Find the one that looks to be the ESP;
Shell> fs1:
The above will mount fs1 and put you at its /
ls and cd commands work for navigation.
fs1:\> ls
hopefully will list /EFI
then
fs1:\> cd /EFI
you can follow the progression to /EFI/BOOT/BOOTX64.EFI to verify the proper path.
You are actually correct what he needs to do is obtain and or build the efibootmgr package. Create a partition of circa 502 MBs in size and install it there. Then he needs to make sure that the UEFI mode of his system is not in secure boot mode as that is the only way to use certain drivers etc now. As you can see when you install openSUSE or Ubuntu its the same mechanism you install grub-efi and configure it to see your linux and windows distributions. When you want to install graphics drivers youll find you need to disable secure boot so its best to disable it from the get go.
If any arch gurus are in here can grub-efi be used instead? I havent used arch since pre uefi
That is not true. Linux and Secure Boot have never gotten along well together. UEFI is simply unified EFI to bring about a unified standard for EFI on non MAC os machines. Secure Boot is the issue in UEFI which thank fully can be disabled. Secure Boot isnt even really secure. Its been circumvented and broken many times
In the install wiki for both bare metal installs and VBox installs, I did not see where it tells you to do this or shows how to do this… Is it possible to do this via the Shell prompt screen I’m at? Or do I need to start over from scratch?

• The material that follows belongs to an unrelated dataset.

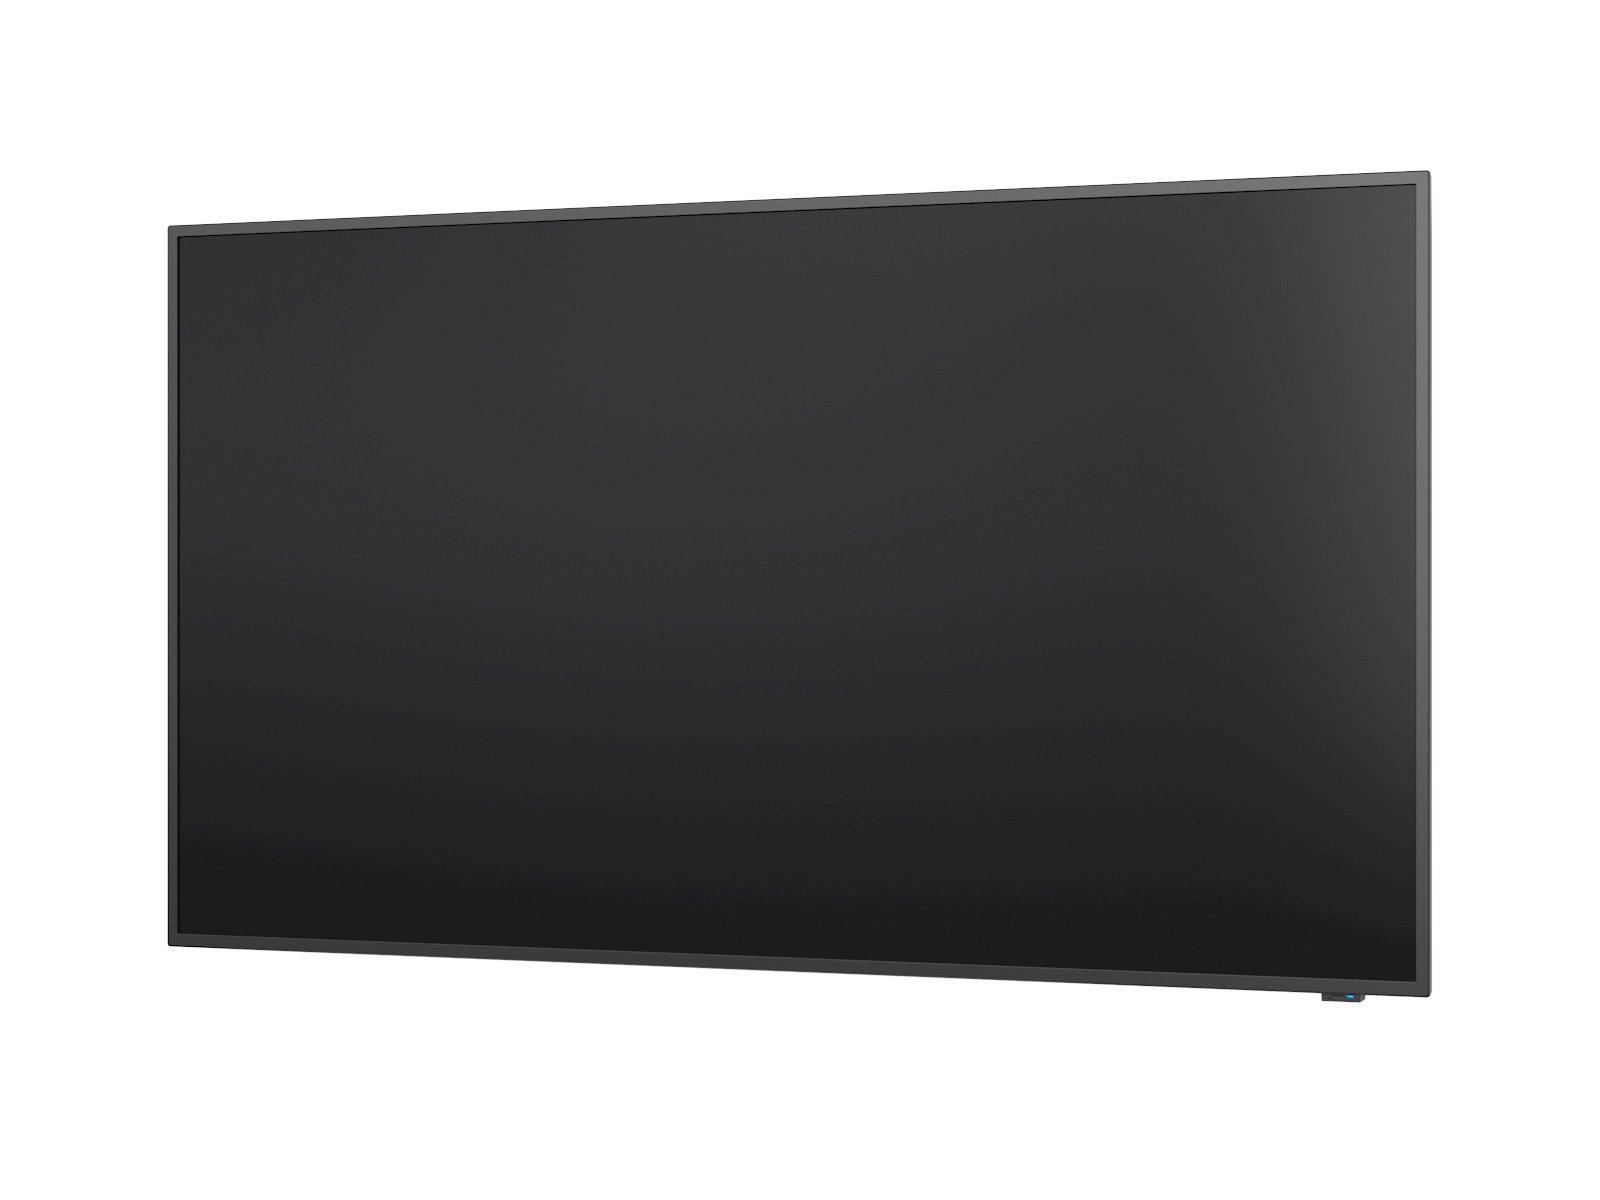 "Широкоформатен дисплей NEC MultiSync E438, 43"", UHD, 350cd/m2, Direct LED backlight, 16/7 proof, Media Player-3"

I said I could be wrong about the numbering schemes in addition to virtualbox translation.
Yes this should be possible from the EFI shell, pending on how you installed to get here. It’s saying you have an ESP, just need to figure out how to mount and look at it.
BLK0 is the DVD
BLD1 is the “hard drive” esp Partition
What does fs0: get you?
Your not really changing anything at the moment, so no harm in poking around. There is a uefi shell help command, think it’s
help -b
Or just
help
That can give you some more info.
As for wiping the VM and starting over. That’s your call, I don’t know what wiki you followed to the T before getting to this point, or if your getting confused on what has been done with your current condition/location, what kernel modules you put on the VM vs host.
I recommend looking up what the steps are trying to do, as in what’s the intent (man pages) vice verbatim compliance. VB adds a layer of obfuscation that can get obfuscated.